Ilmu astronomi berkembang di masa keemasan Islam.

Chemheritage.org
Astronomi Islam.
Rep: Zahrotul Oktaviani Red: Muhammad Hafil

REPUBLIKA.CO.ID,LONDON -- Baru-baru ini, NASA merilis sebuah gambar yang diambil oleh James Webb Space Telescope (JWST). Hasil tangkapan cahaya ini membuat seluruh penghuni Bumi terpesona.

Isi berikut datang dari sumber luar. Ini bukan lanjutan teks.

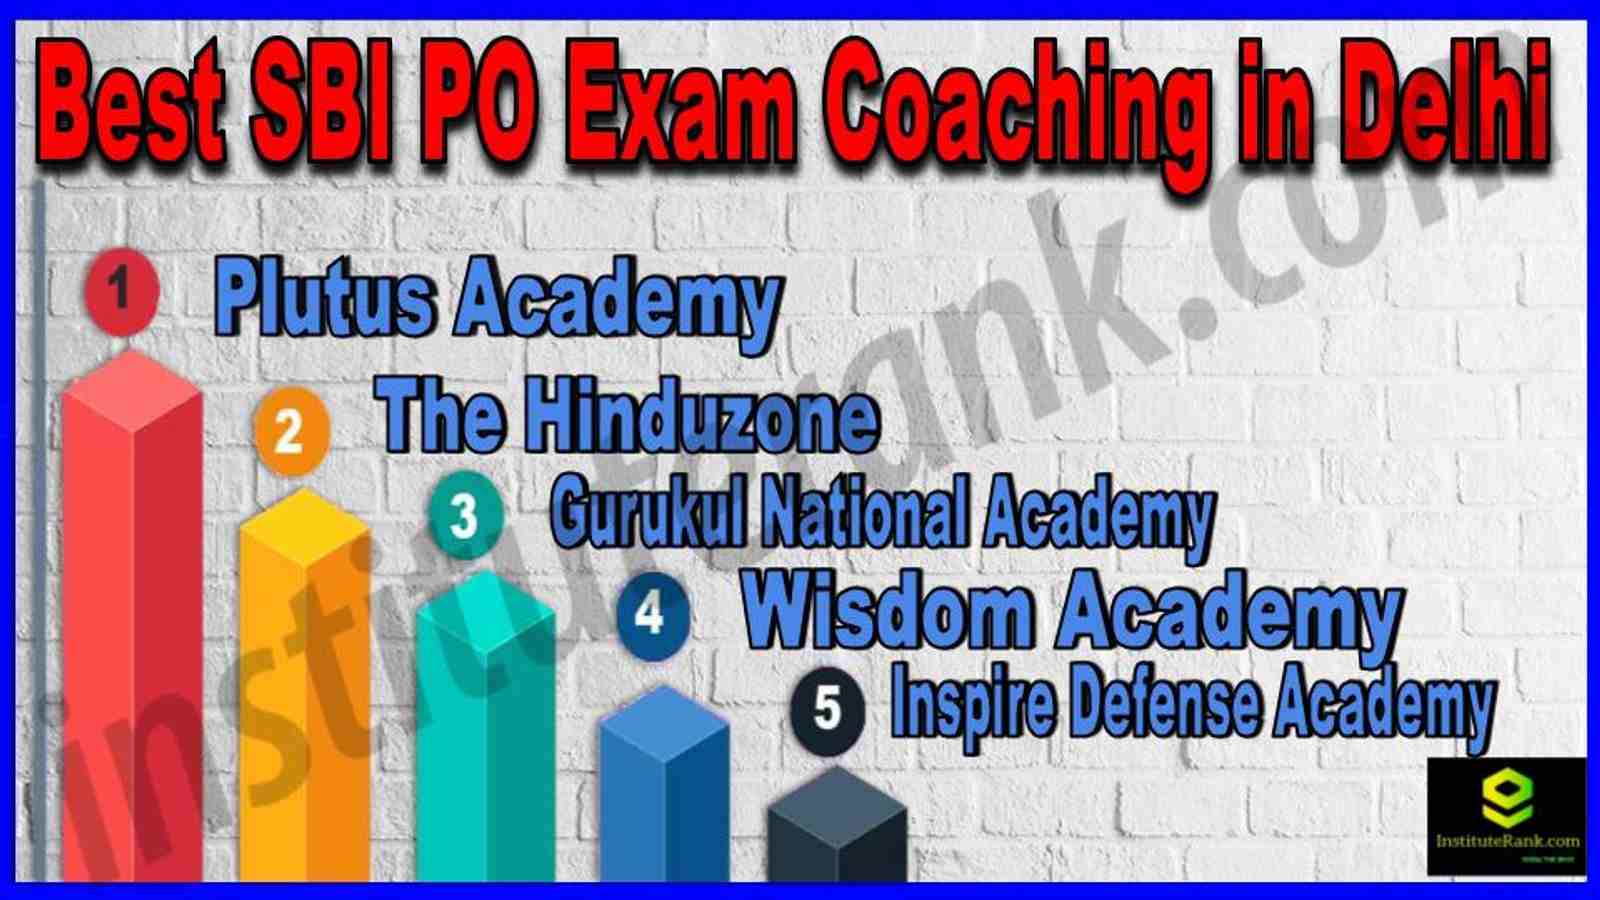 Best SBI PO Exam Coaching in Delhi

Gambaran mengenai kosmos ditangkap dalam warna-warna cerah dan tidak seperti apa yang pernah terlihat sebelumnya. Sangat tidak masuk akal jika kenyataannya gambar-gambar tersebut merupakan sebuah galeri kuno, dengan beberapa berusia lebih dari 13 miliar tahun.

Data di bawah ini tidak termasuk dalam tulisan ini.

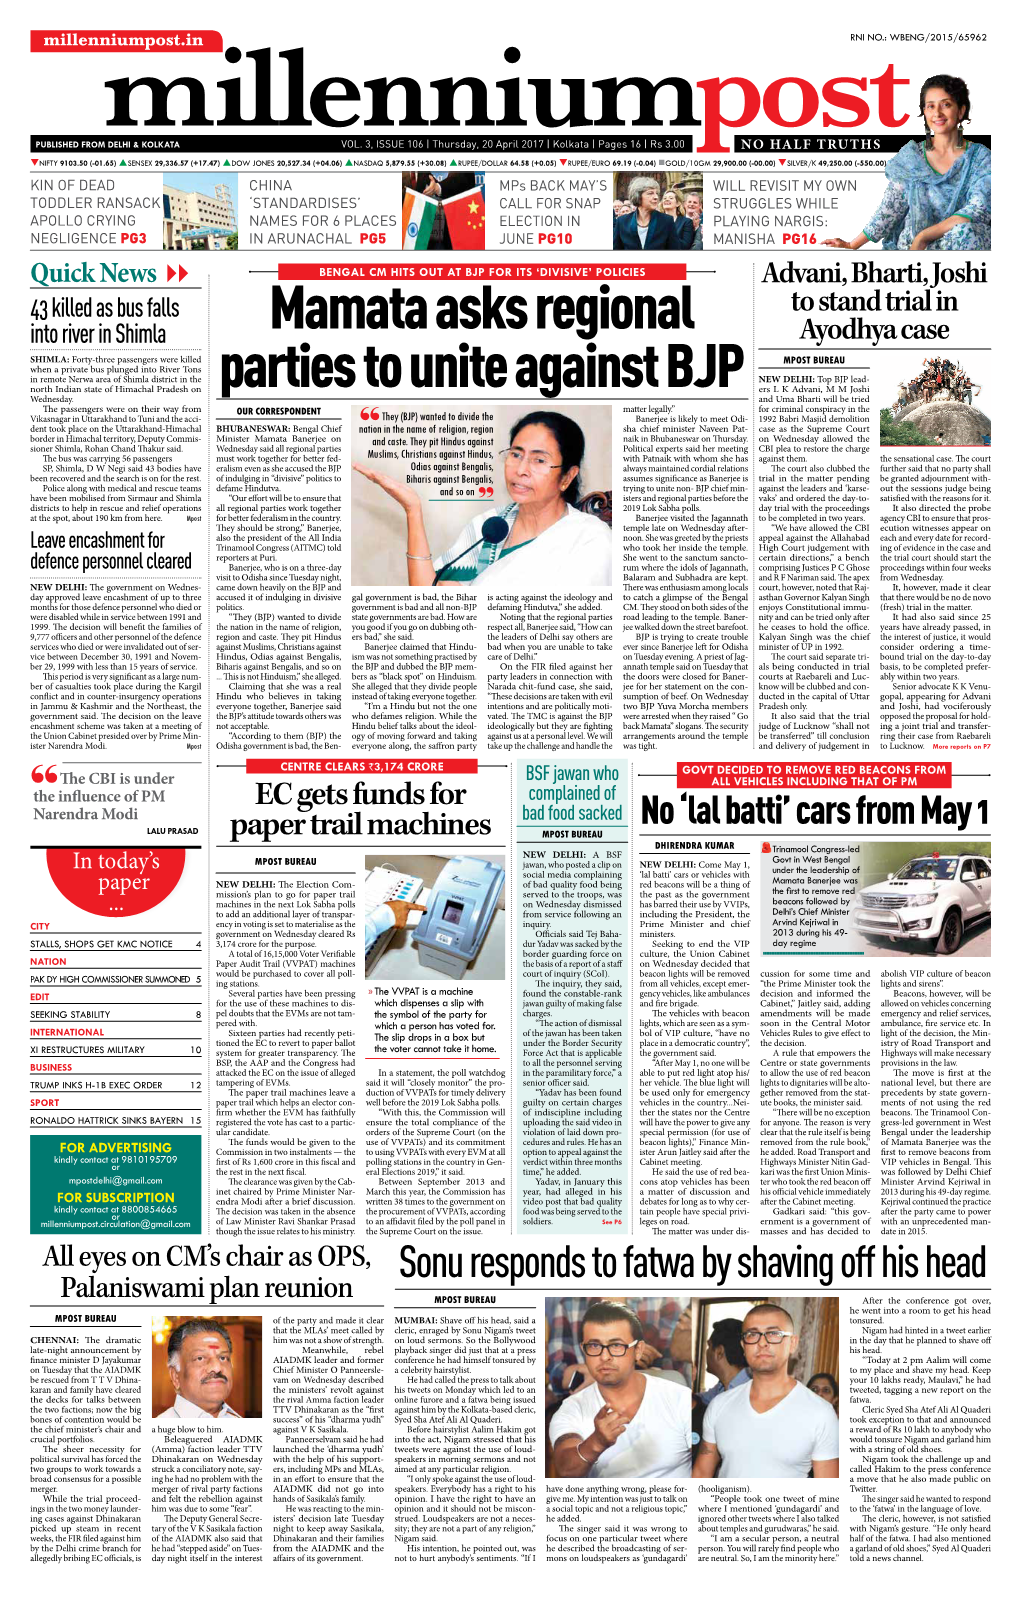 Mamata Asks Regional Parties to Unite Against

Gambar Quintet Stephan memungkinkan manusia saat ini sekilas melihat bagaimana galaksi berinteraksi dan bergabung satu sama lain. Hampir tampak seolah-olah galaksi yang berkilauan terkunci dalam sebuah tarian indah.

Foto-foto ini berhasil dikirimkan berkat keajaiban teknologi, JWST, yang telah dibuat selama 30 tahun. Teknologi ini telah menghasilkan beberapa gambar paling tajam dari luar angkasa hingga saat ini.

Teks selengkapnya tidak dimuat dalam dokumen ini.